If the amount of opening of the purge control valve 17 is controlled in
accordance with the ratio of the target purge rate tTPG to the full open
purge rate PG100 in this way, no matter what purge rate the target purge
rate tTPG is, regardless of the engine operating state, the actual purge
rate will be maintained at the target purge rate.
Suppose for example that the target purge rate tTPG is 2 percent and the
full open purge rate PG100 at the current operating state is 10 percent.

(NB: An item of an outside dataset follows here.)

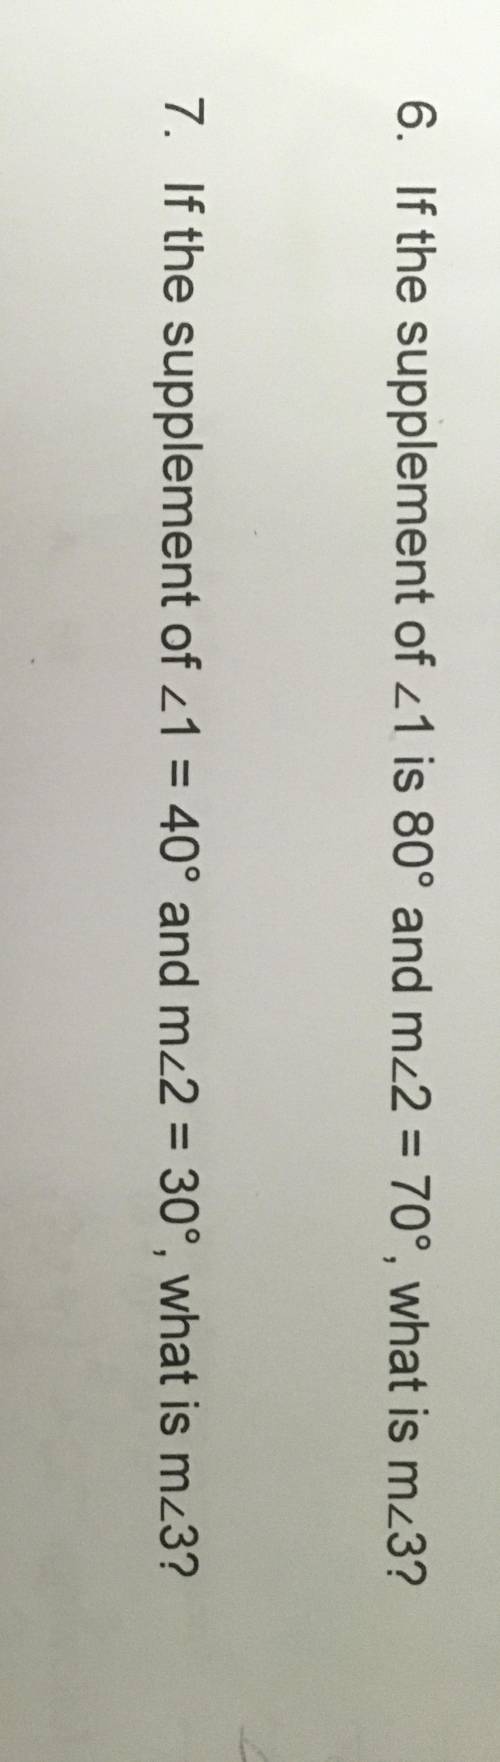 Please help me with these two questions. I put a picture with the questions

The duty ratio DPG of the drive pulse will become 20 percent and the
actual purge rate at this time will become 2 percent. Next, supposing that
the operating state changes and the full open purge rate PG100 at the
changed operating state becomes 5 percent, the duty ratio DPG of the duty
ratio will become 40 percent and the actual purge ratio at this time will
become 2 percent. That is, if the target purge rate tTPG is 2 percent, the
actual purge rate will become 2 percent regardless of the engine operating
state. If the target purge rate tTPG changes and becomes 4 percent, the
actual purge rate will be maintained at 4 percent regardless of the engine
operating state.
Next, at step 60, the full open rate PG100 is multiplied by the duty ratio
DPG to calculate the actual purge rate PGR (=PG100.multidot.(DPG/100)).

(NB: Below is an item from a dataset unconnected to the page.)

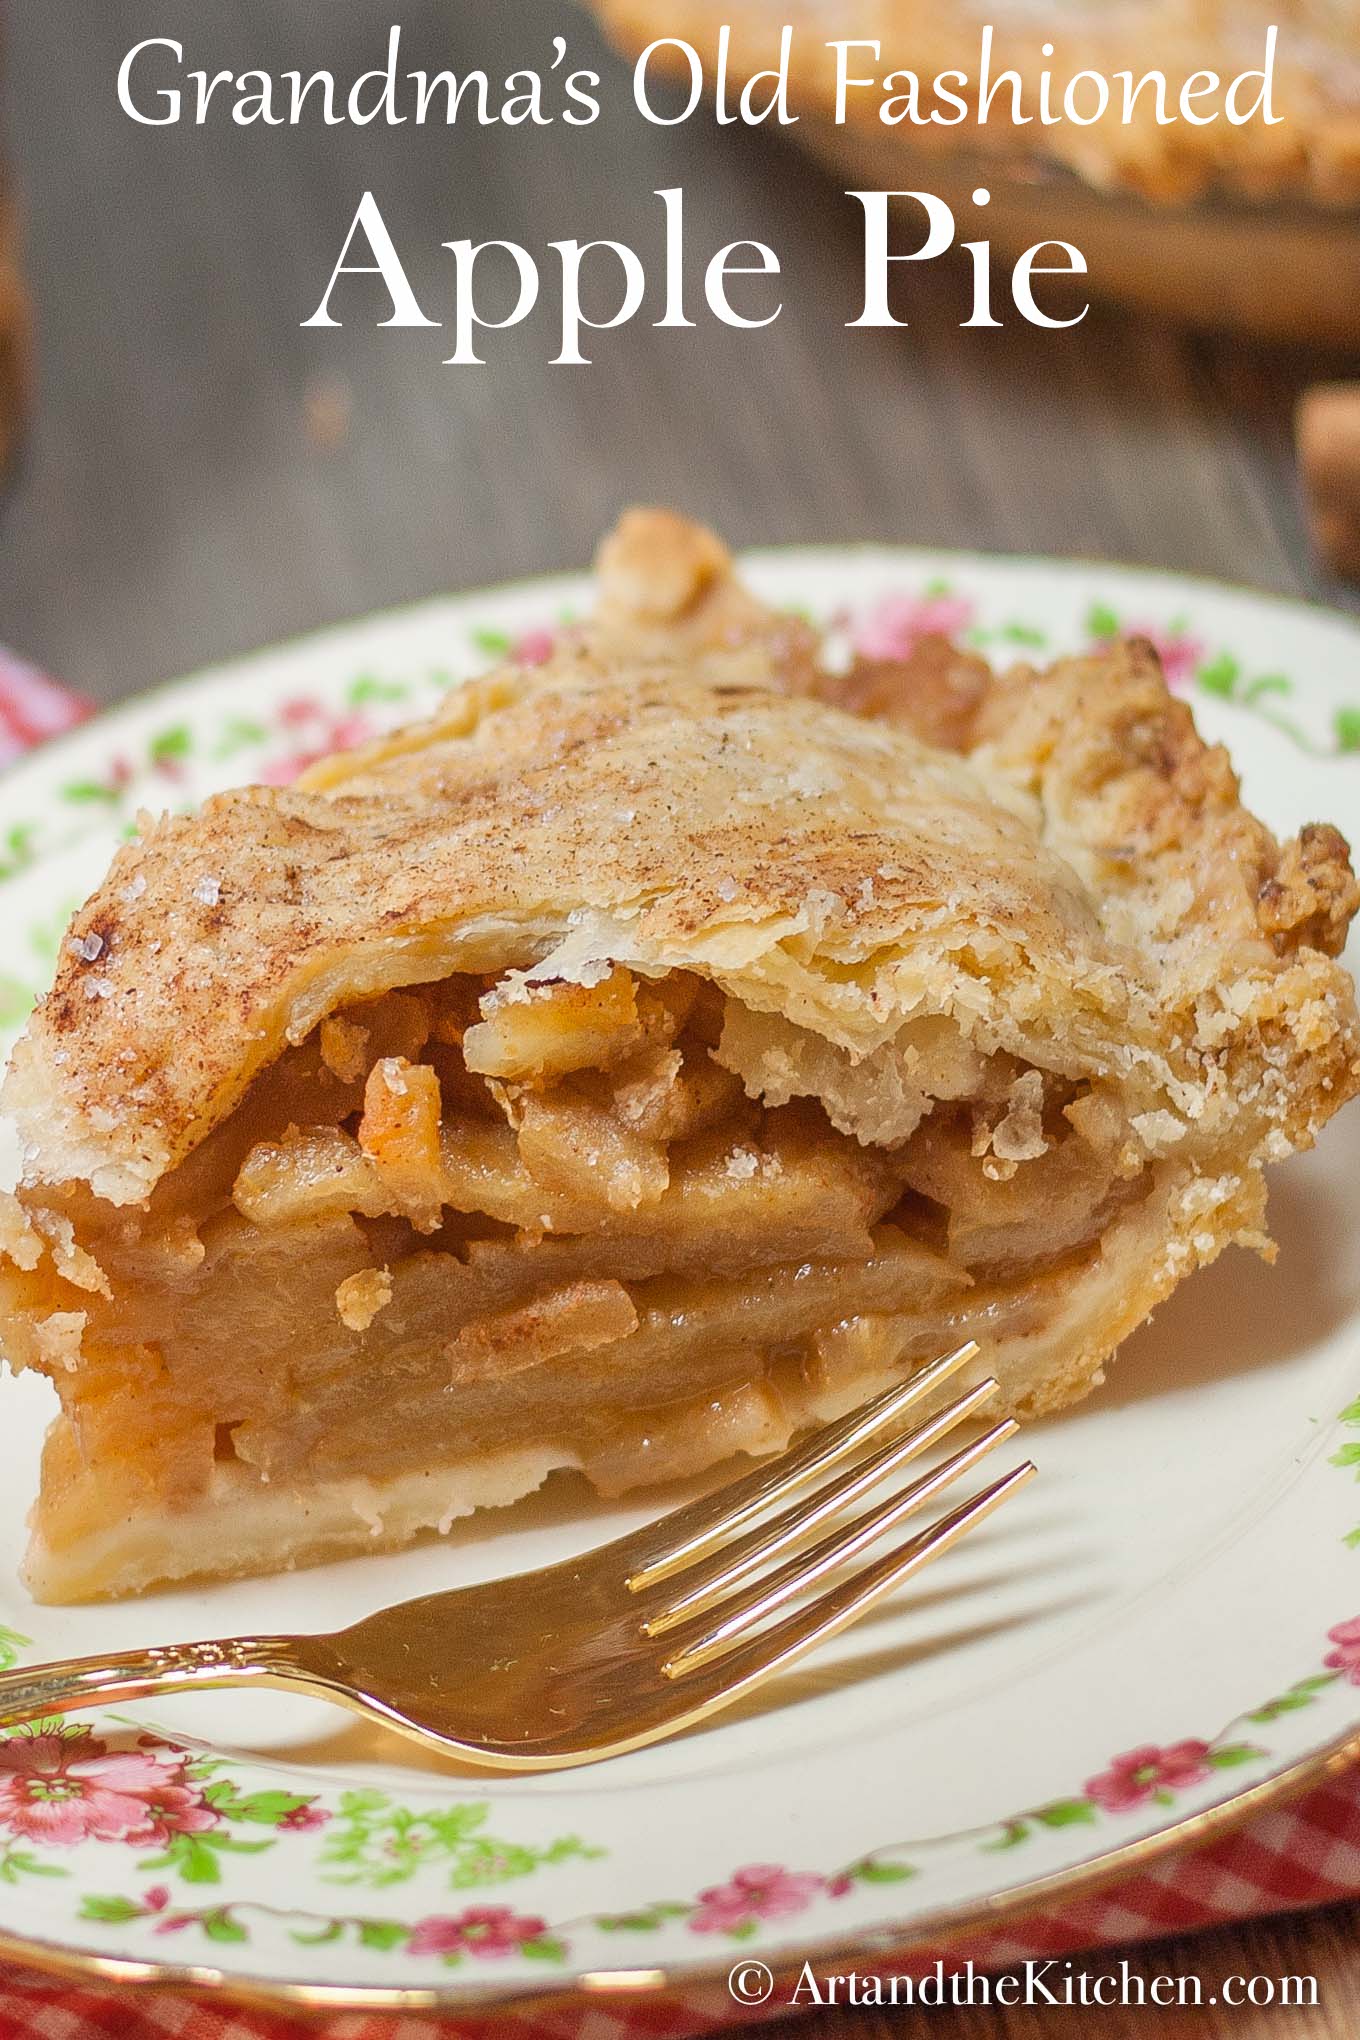 Slice of apple pie on decorative plate with gold plated fork.

That is, as explained above, the duty ratio DPG is expressed by
(tPGR/PG100).multidot.100. In this case, when the target purge rate tPGR
becomes larger than the full open purge rate PG100, the duty ratio DPG
would become more than 100 percent. The duty ratio DPG, however, cannot
become more than 100 percent. At this time, the duty ratio DPG is made 100
percent, therefore the actual purge rate PGR becomes smaller than the
target purge rate tPGR. Accordingly, the actual purge rate PGR is
expressed by PG100.multidot.(DPG/100) as explained above.
Next, at step 61, the duty ratio DPG is made DPG0 and the purge rate PGR is
made PGR0. Next, at step 62, the purge execution time counter CPGR showing
the time from when the purge was started is incremented by exactly 1.
Next, at step 63, processing is performed to drive the purge control valve
17. This drive processing is shown in FIG. 7, therefore, an explanation
will next be made of the drive processing of FIG. 7.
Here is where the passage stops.